The announcement that Citigroup is slashing its IT budget is a normal banking reaction to the sudden attack on profits and the risks that future profits will be much harder to attain in the coming year. They are not the first nor will they be the last in taking stock of IT expenditure this year. However, with no end of regulatory changes that are still driving IT requirements and the need to maintain existing systems capability, the mass reduction of development budgets is going to mean that legacy systems are going to have to take even more strain. This is a double edge sword as systems deficiencies often entail people to plug the gaps! However, a downturn in market fortunes also encompasses job cuts and there have already been estimates published that tens of thousands of City jobs are about to go. Does this mean that the temps market is about to explode?

There is also a question of the risk of maintaining legacy systems, which needs to be answered as budgets are slashed.

Are legacy systems good or bad? That was a question that was raised at last week's corporate actions processing conference in London. The question was raised from the presentation by John Jenkin, Lead for Corporate Actions IT, Lehman Bros. He said that legacy means the system works and followed up with that it's far easier to support changes needed to systems from a legacy position. This is a view that has always been supported within banking, especially by those that build rather than buy technology. It also accounts for the reason that the global financial system has its foundations still laden in legacy and why as time goes by the legacy system time bomb ticks further towards potential meltdown.

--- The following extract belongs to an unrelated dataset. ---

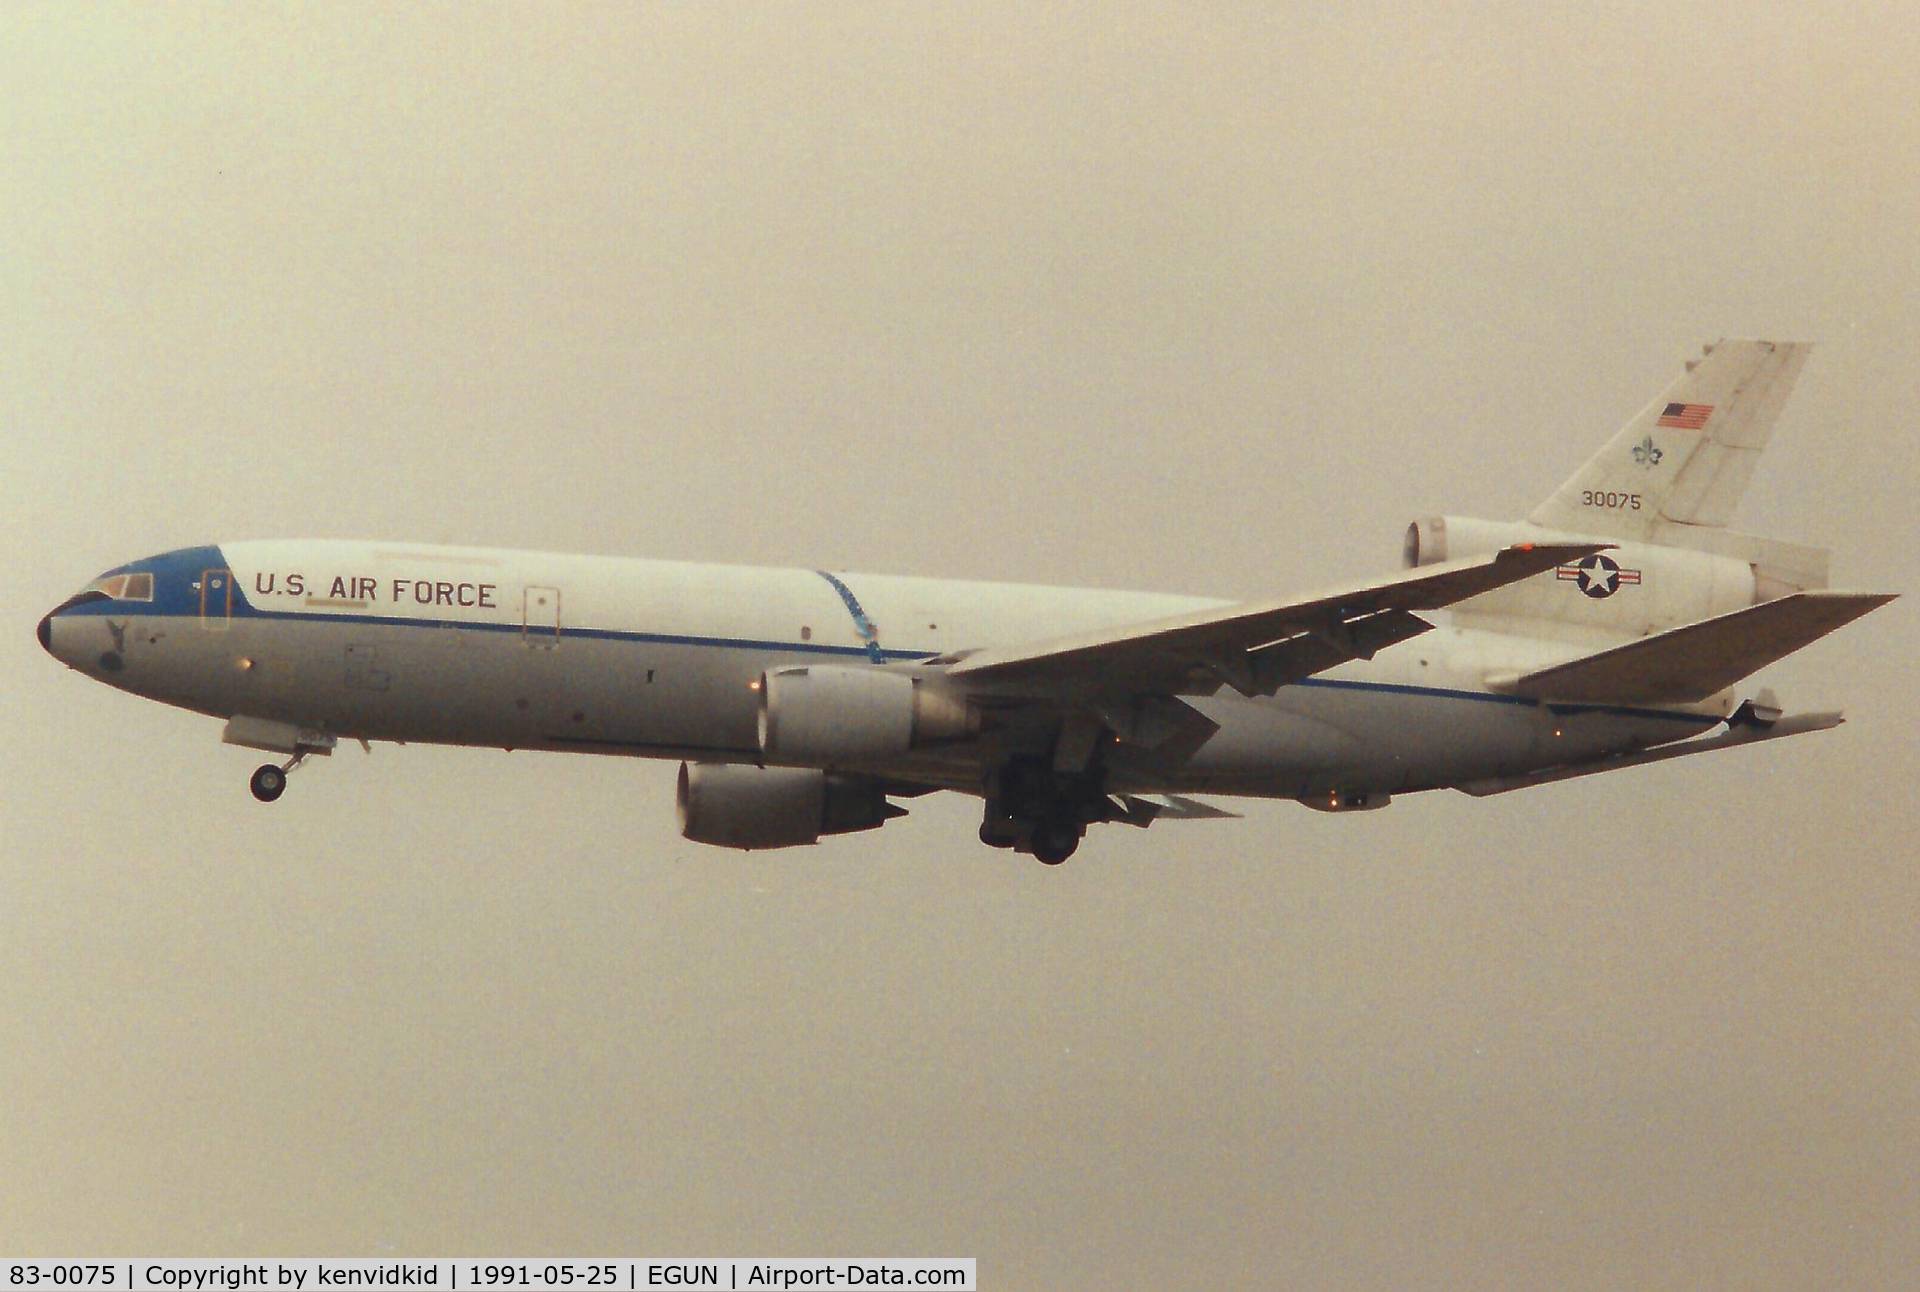 83-0075, 1983 McDonnell Douglas KC-10A Extender C/N 48216, At the 1991 Mildenhall Air Fete. Scanned from print.

The risks of legacy systems have never been quantified and it might be churlish to worry about something that might never happen but it's surely equally logical to imagine a day when a potential systems change, creates the Jenga effect. Continually taking functionality out, enhancements or developments over an extended period of time will eventually lose the initial value of systems architecture. To some degree the use of middleware technology has provided a period of consolidation within legacy which has enabled an extended lifespan. There are limits to the value of this solution however, with many of the integration software vendors aware that middleware's greatest value is to enable the legacy problem to be nibbled at. With budgets being slashed it looks like the legacy time bomb will tick on for years yet.   


Comments: (1)

Paul Penrose
Paul Penrose - Finextra - London 23 April, 2008, 10:32Be the first to give this comment the thumbs up 0 likes

Well, JPMorgan has committed to spending $30 million on a global programme to replace its legacy systems with technology from Temenos. In addition to this $30 million commitment, the firm will make additional significant technology investments to support international expansion.

"The global marketplace is where we expect to see significant growth in our business going forward, and we recognize that having the most robust technology capabilities possible will be a key driver in achieving our goals," stated Sue Webb, executive vice president, global core cash management, JPMorgan Treasury Services.

Mind you, JPMorgan may just be a bit behind the curve in this respect. In November, Citi completed a seven year project to implement the Flexcube core banking platform from Indian vendor i-flex across its markets and banking units in 67 countries.